On your local machine (the one from which you’re controlling the remote server), you will need a recent copy of Ansible. docs.ansible.com has thorough installation instructions. We will be testing with release versions of Ansible, so don’t feel a need to track Ansible development. (Note: don’t us your OS package manager to install Ansible; you may get an unusable out-of-date version.)

Ansible’s only dependency is a recent version of Python 2.6 or later.

You will also nearly certainly want git, both for cloning the playbook and for version-controlling your own work.

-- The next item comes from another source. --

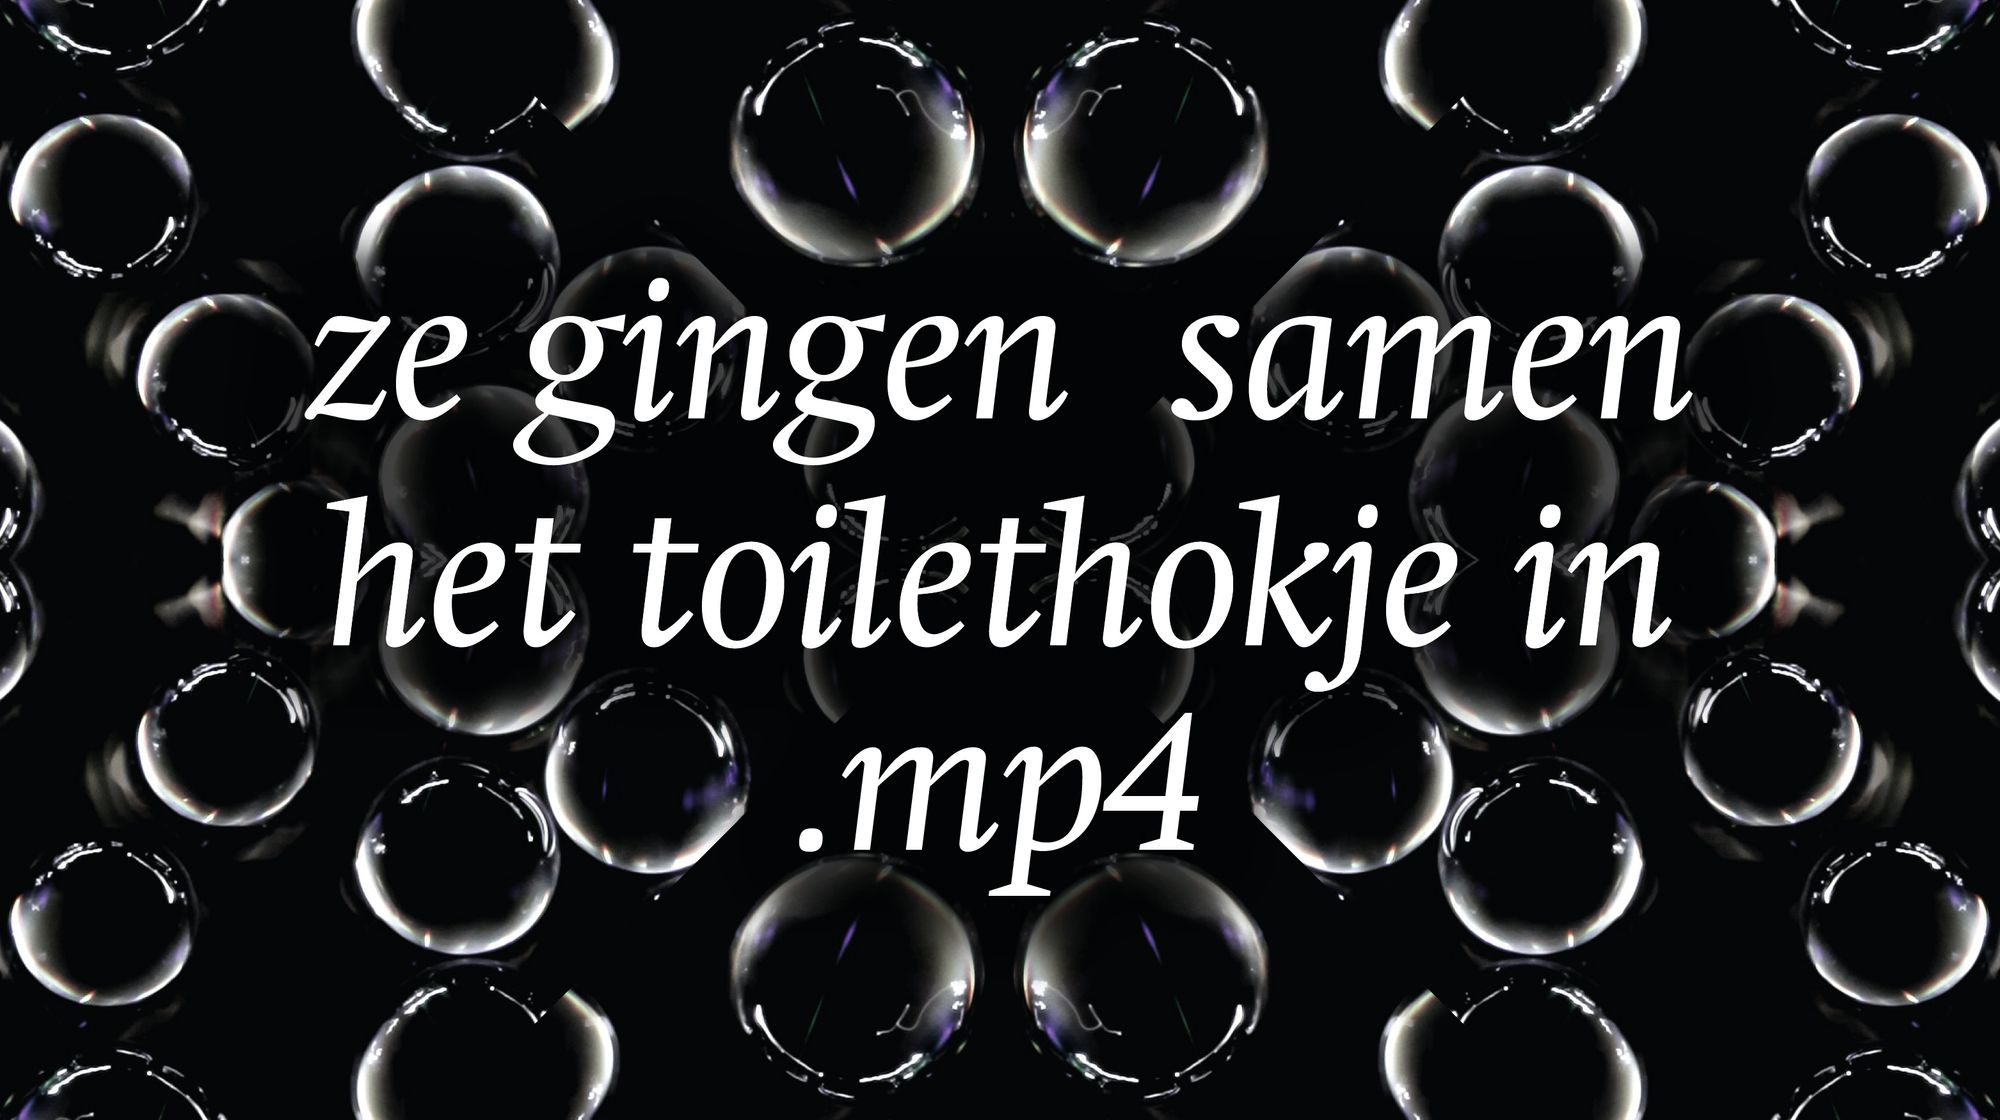 Ze gingen samen het toilethokje in.mp4

To clone the stable branch of the playbook, use the command:

git clone https://github.com/plone/ansible-playbook.git -b STABLE

Quick setup

If you’re using a machine with the following installed:

  • Python 2.7

  • virtualenv 2.7

  • make

you may install quickly by cloning the playbook and using the commands:

git clone https://github.com/plone/ansible-playbook.git -b STABLE
cd ansible-playbook
make all

This will install Ansible in the ansible-playbook directory via virtualenv and install role requirements.

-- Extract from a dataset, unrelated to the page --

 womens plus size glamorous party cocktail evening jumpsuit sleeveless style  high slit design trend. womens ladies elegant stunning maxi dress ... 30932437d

Use bin/ansible-playbook in place of ansible-playbook to run your playbook.

Ansible role requirements

We have a few Ansible role dependencies which you may fulfill via Ansible Galaxy with the command:

ansible-galaxy -r requirements.yml -p roles install

This should be executed in your playbook directory. Downloaded requirements will be dropped into the roles directory there.

Remote setup

Ansible requires that the target server have a recent Python 2.x on the server. Newer platforms (like Ubuntu Xenial and later) may not have this activated on pristine new machines.

If you get connection errors from Ansible, check the remote machine to make sure Python 2.7 is available. which python2.7 will let you know. If it’s missing, use your package manager to install it.

On Ubuntu Xenial (16.0.4 LTS), sudo apt-get install -y python will do the trick.